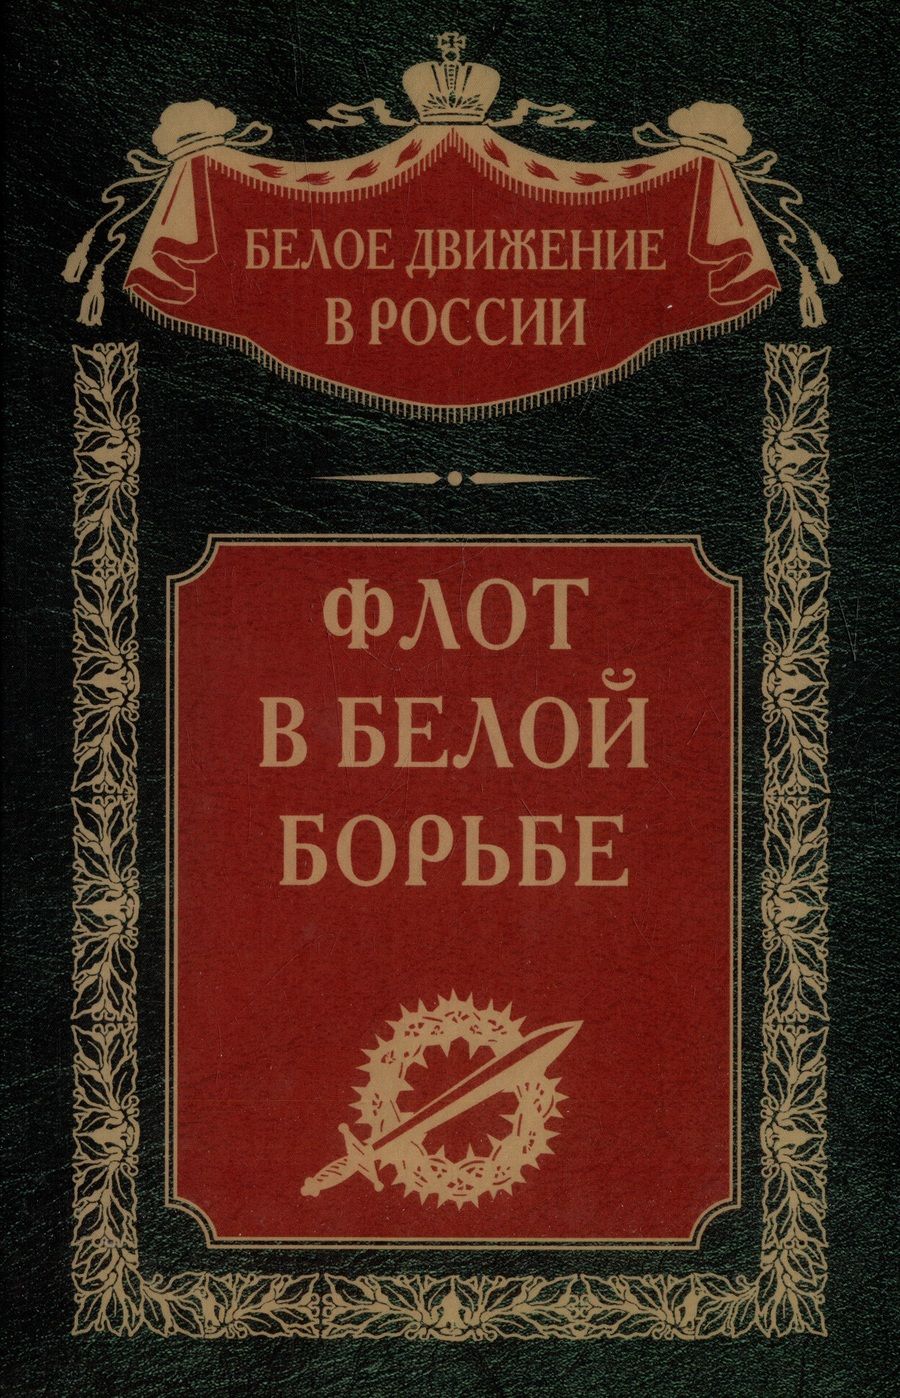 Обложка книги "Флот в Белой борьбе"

==

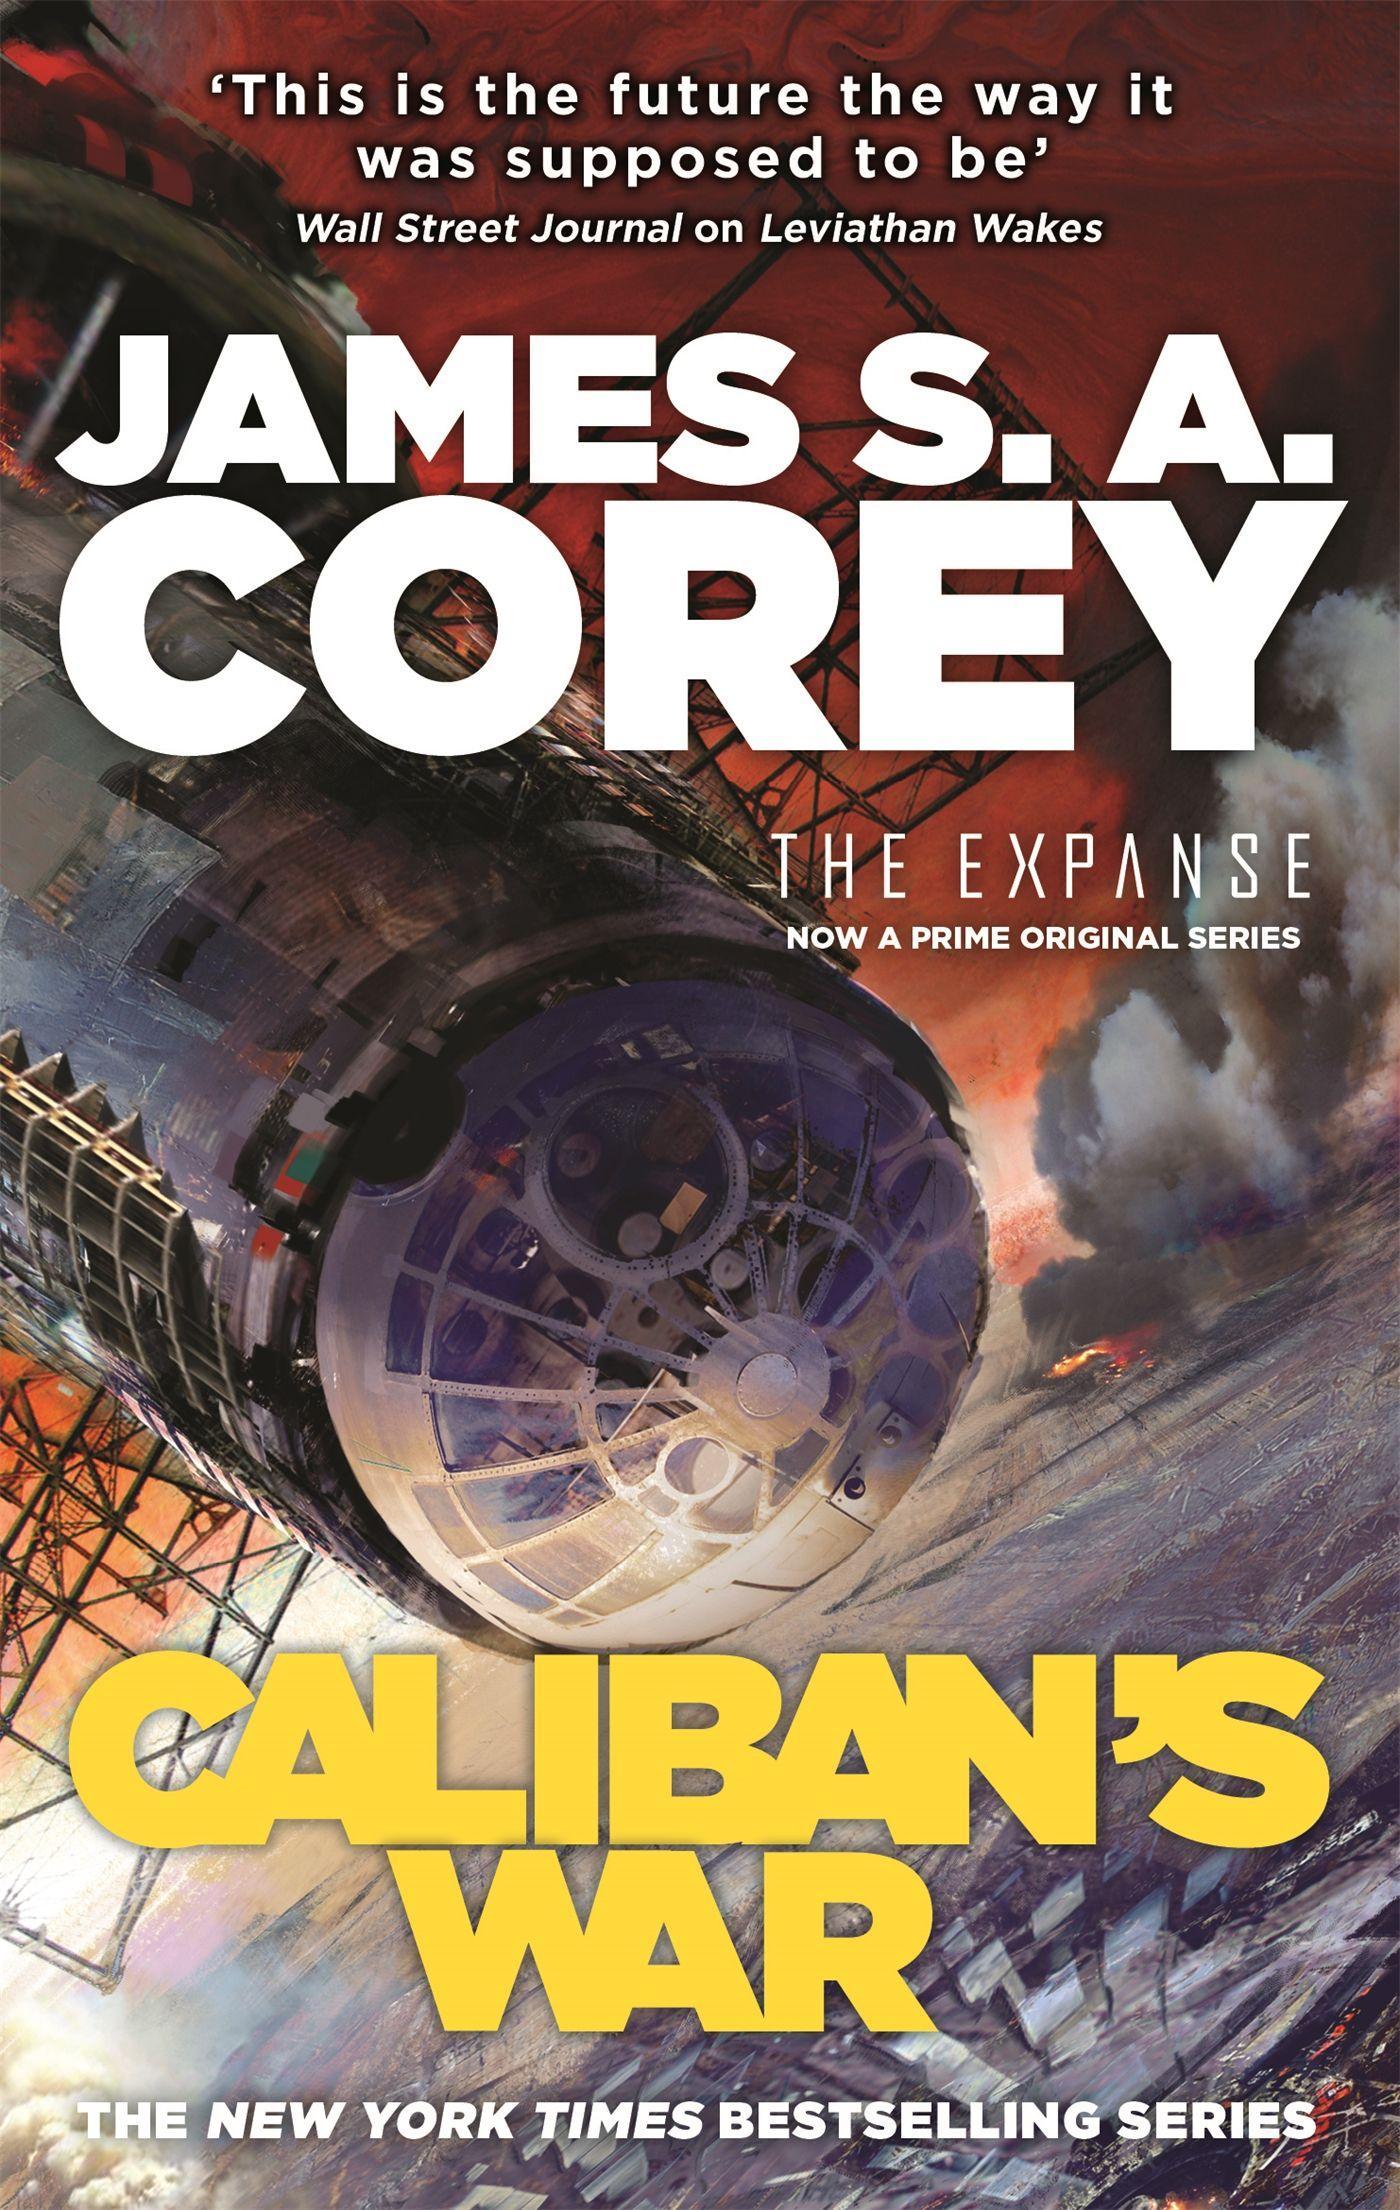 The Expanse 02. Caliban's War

...

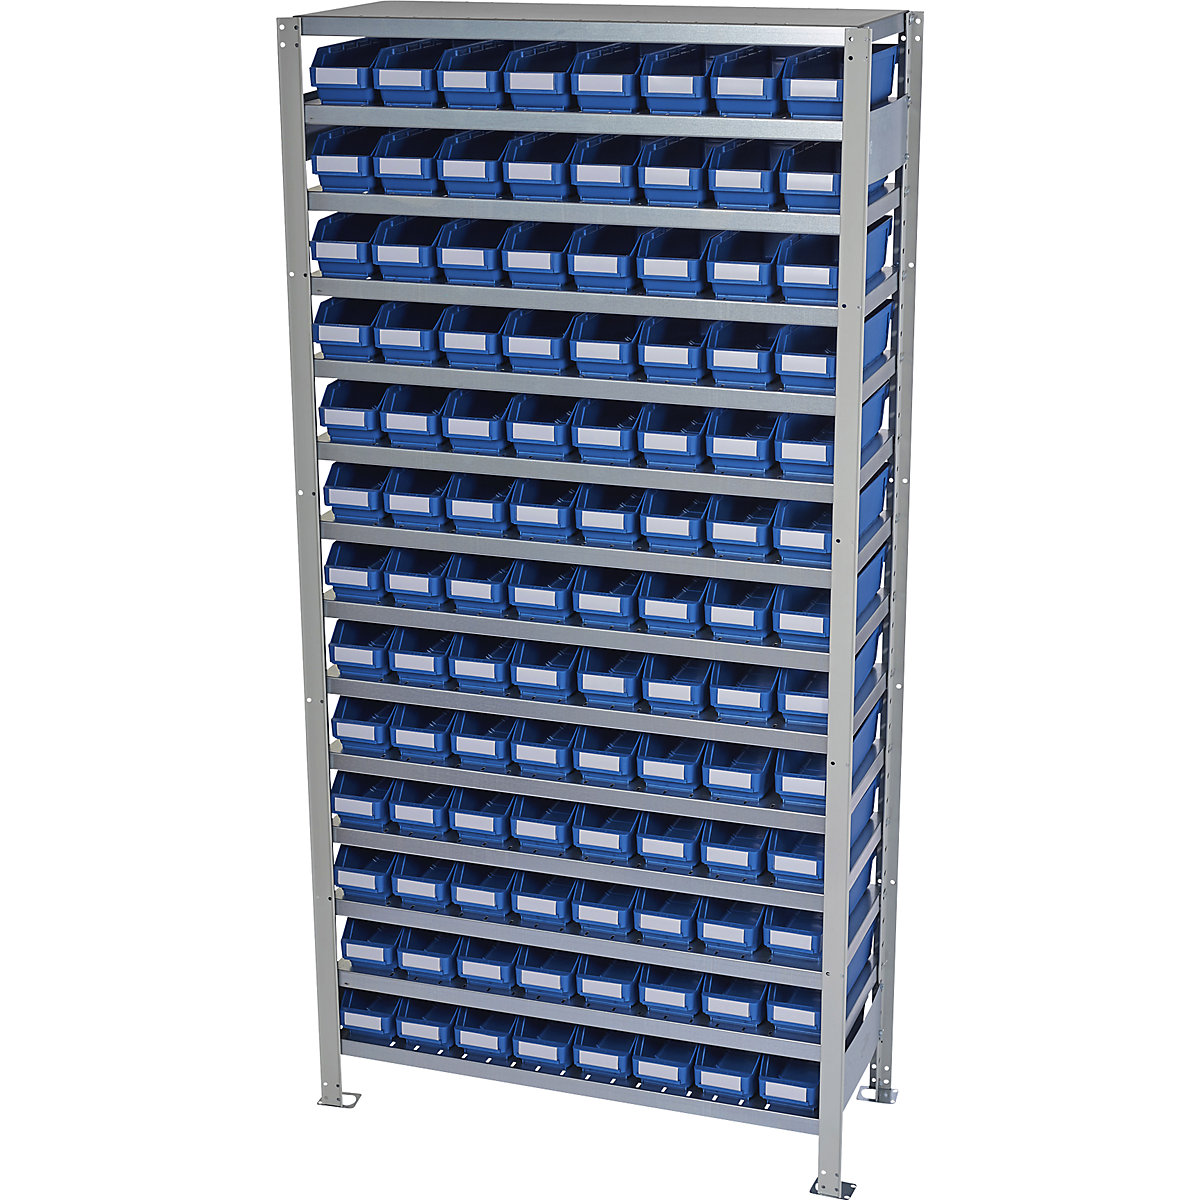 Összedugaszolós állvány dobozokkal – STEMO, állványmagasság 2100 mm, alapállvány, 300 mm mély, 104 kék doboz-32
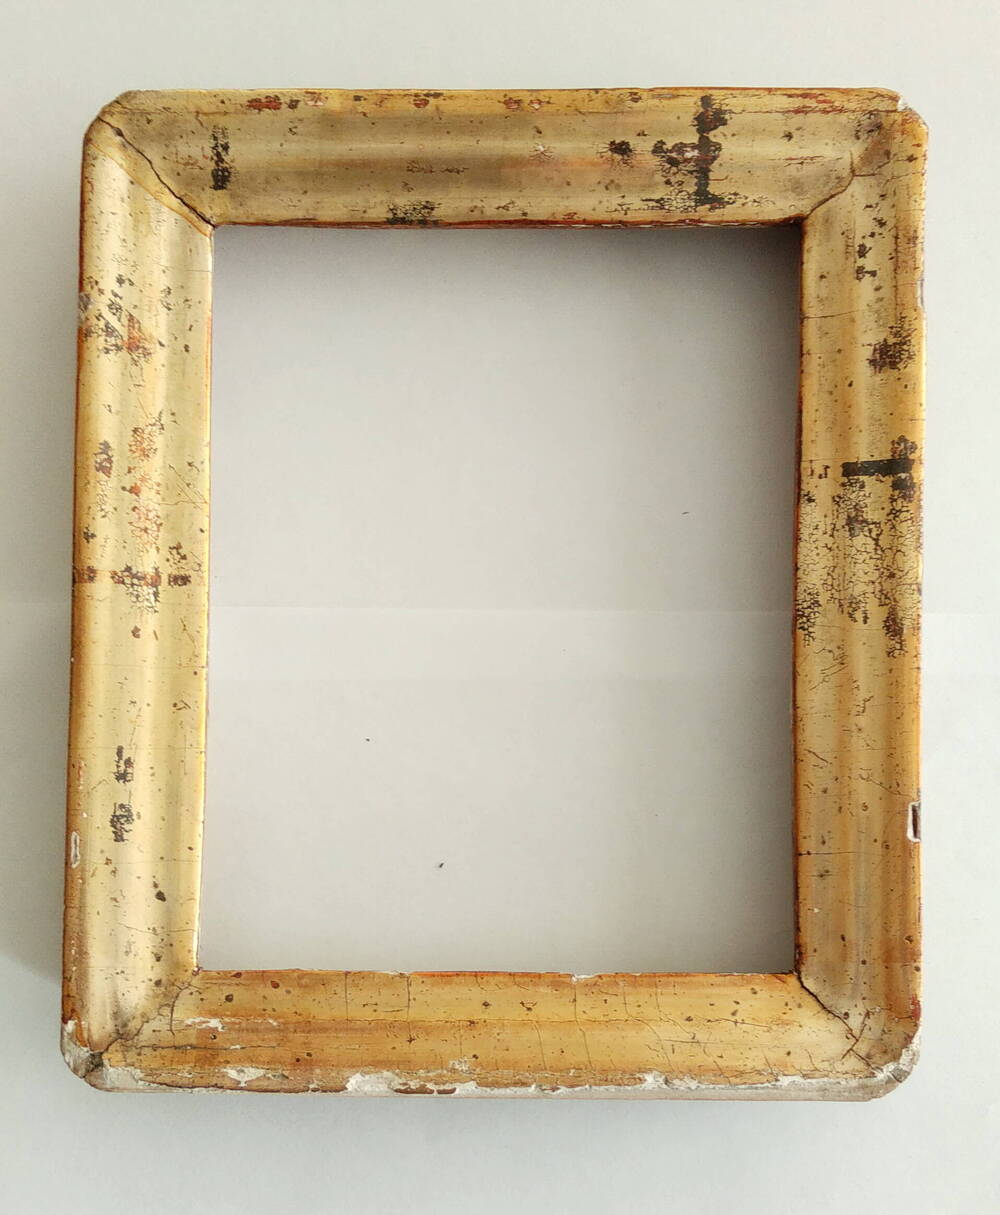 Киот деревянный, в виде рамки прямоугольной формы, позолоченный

• _Problem details_: Everything above from the line with "Összedugaszolós állvány dobozokkal" through the line with "Киот деревянный, в" should be retyped exactly, and nothing else; omit pictures.

• _Written response_:
 Összedugaszolós állvány dobozokkal – STEMO, állványmagasság 2100 mm, alapállvány, 300 mm mély, 104 kék doboz-32
 Киот деревянный, в виде рамки прямоугольной формы, позолоченный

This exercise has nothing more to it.